Hemos vuelto a ver a creadores japoneses en conferencias. Todos adoran a Hideo Kojima y celebramos como goles, cada detalle de Death Stranding.

Hemos vuelto a ver a creadores japoneses en conferencias. Todos adoran a Hideo Kojima y celebramos como goles, cada detalle de Death Stranding. Hemos podido ver a Fumito Ueda dando charlas en Barcelona y Bilbao, entrevistas con Suda 51 incluso a Shigeru Miyamoto tocando la guitarra en el show de Jimmy Fallon.

Hideo Kojima en los Game Awards 2016

Pero lo más prometedor es que no solo es cosa de un año, de un año maravilloso; pues la tendencia se ha mantenido en 2018. Pese al contraataque occidental, con unos sobresalientes God of War y Red Dead Redemption 2, sumados al buenísimo año indie de Celeste, Obra Dinn, Gris, y a medianías (en el buen sentido) como Spider-Man, AC: Odyssey o A Way Out, la escuela japonesa sigue en la pomada. En cabeza, Monster Hunter: World haciendo lo que parecía imposible: sacar del nicho a la saga y conseguir ventas millonarias en todo el mundo. Y otros juegos que hablan por si mismos: Super Smash Bros. Ultimate, Octopath Traveler, Dragon Ball FighterZ, Mario Tennis Aces, Dragon Quest 11, Ni No Kuni 2, Pokemon Let’s Go, y revoluciones como Nintendo Labbo, Tetris Effect o Astro Bot Rescue Mission. Sin olvidarnos de rediciones míticas de Shenmue, Shadow of the Colossus, Okami, Bayonetta y Captain Toad: Treasure Tracker.
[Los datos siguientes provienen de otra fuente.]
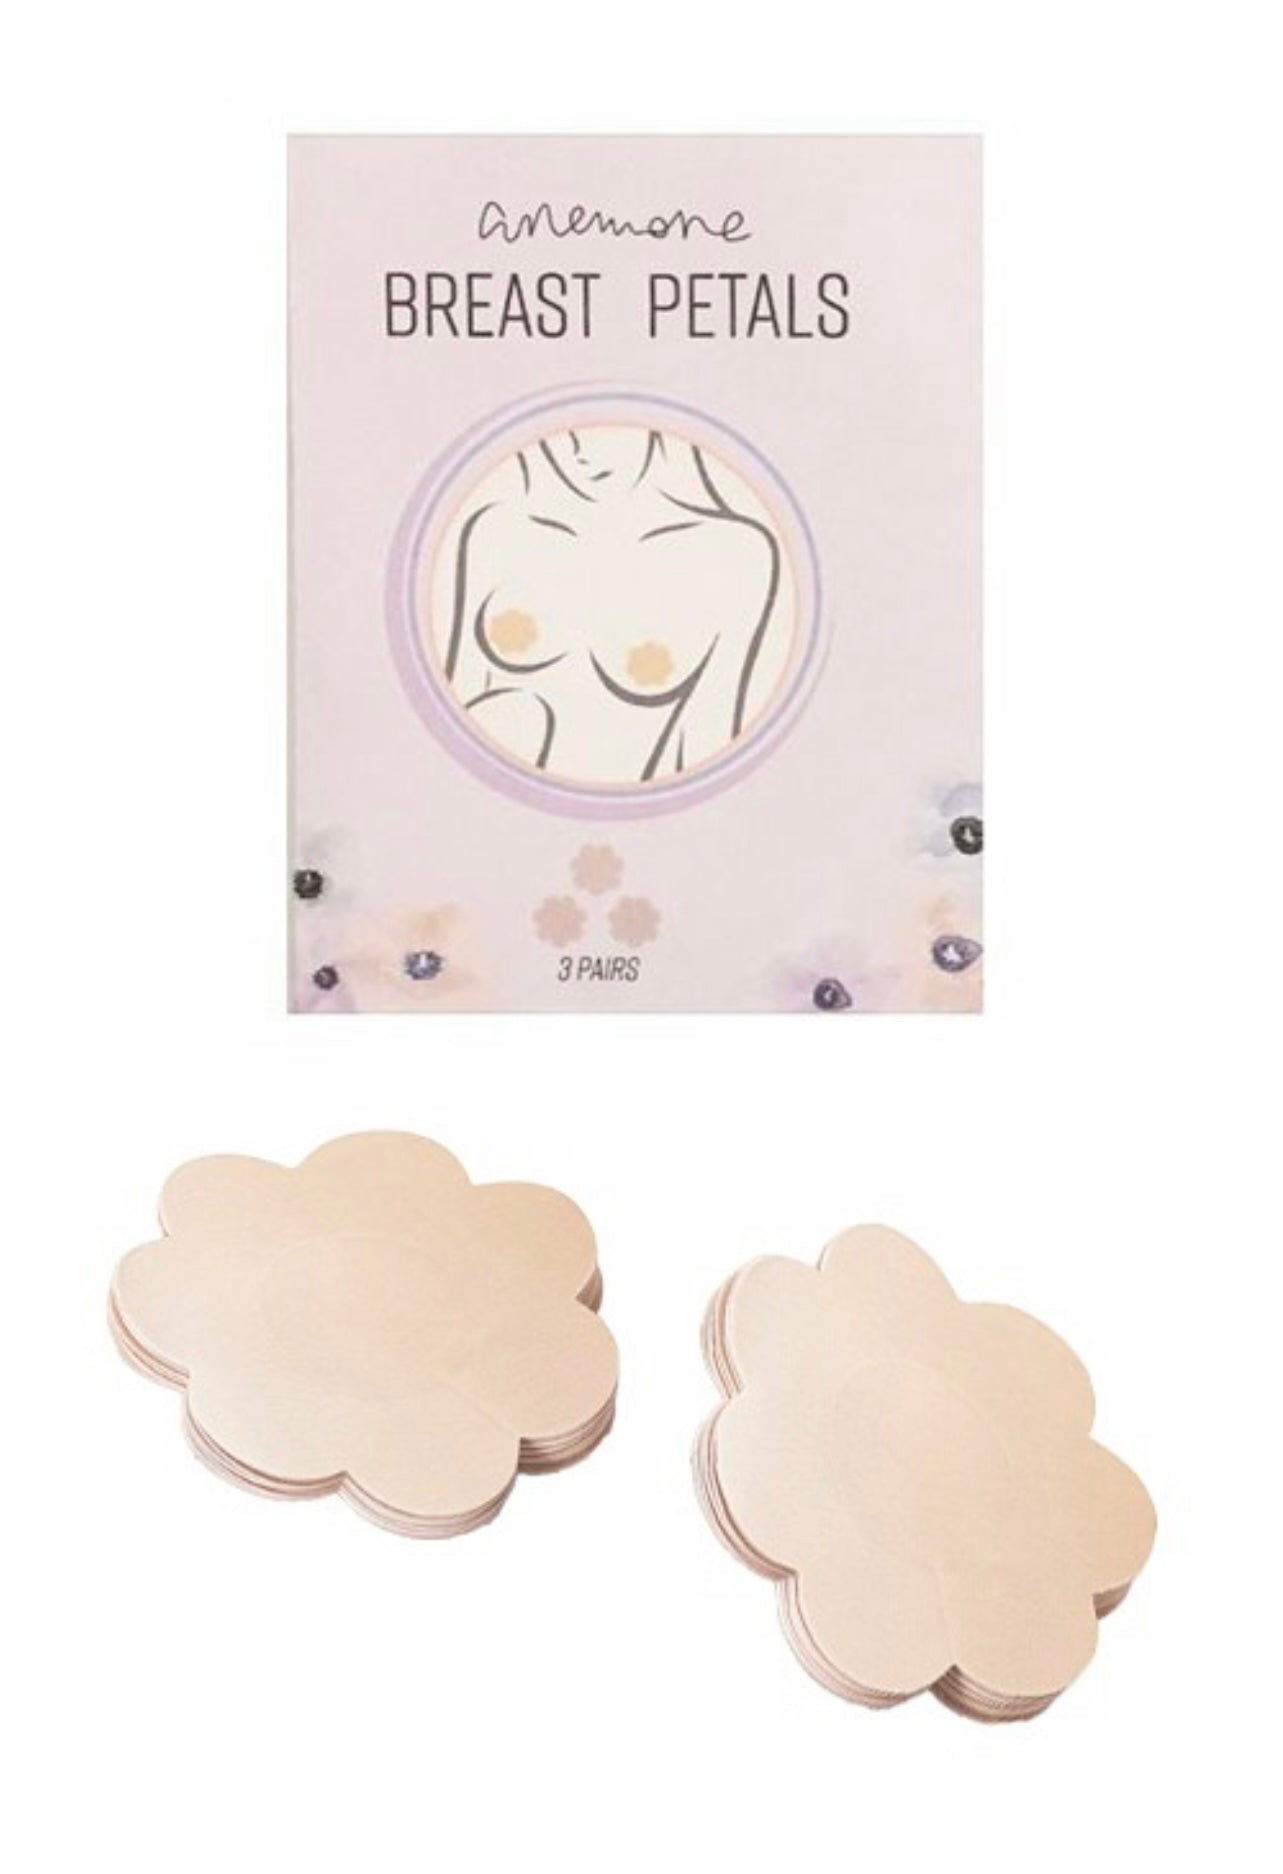 Adhesive Breast Petals

Tendencia que se mantendrá en 2019 confirmando esta tendencia y esta teoría. Estamos en vilo, esperando con ansias, a esos Devil May Cry 5 y Sekiro: Shadows Die Twice, amen de un Bayonetta 3 que está por llegar, un juego de Yoshi todavía sin nombre, un Ghost of Tsusima que parece un gran homenaje occidental a Japón, el remaster/remake de Resident Evil 2 y el ya mencionado Death Stranding. Gasolina suficiente para que la industria japonesa se mantenga firme los futuros años y suficientes razones de peso para afirmar que estamos viviendo la Edad de Plata del videojuego japonés. Ganbare Nippon!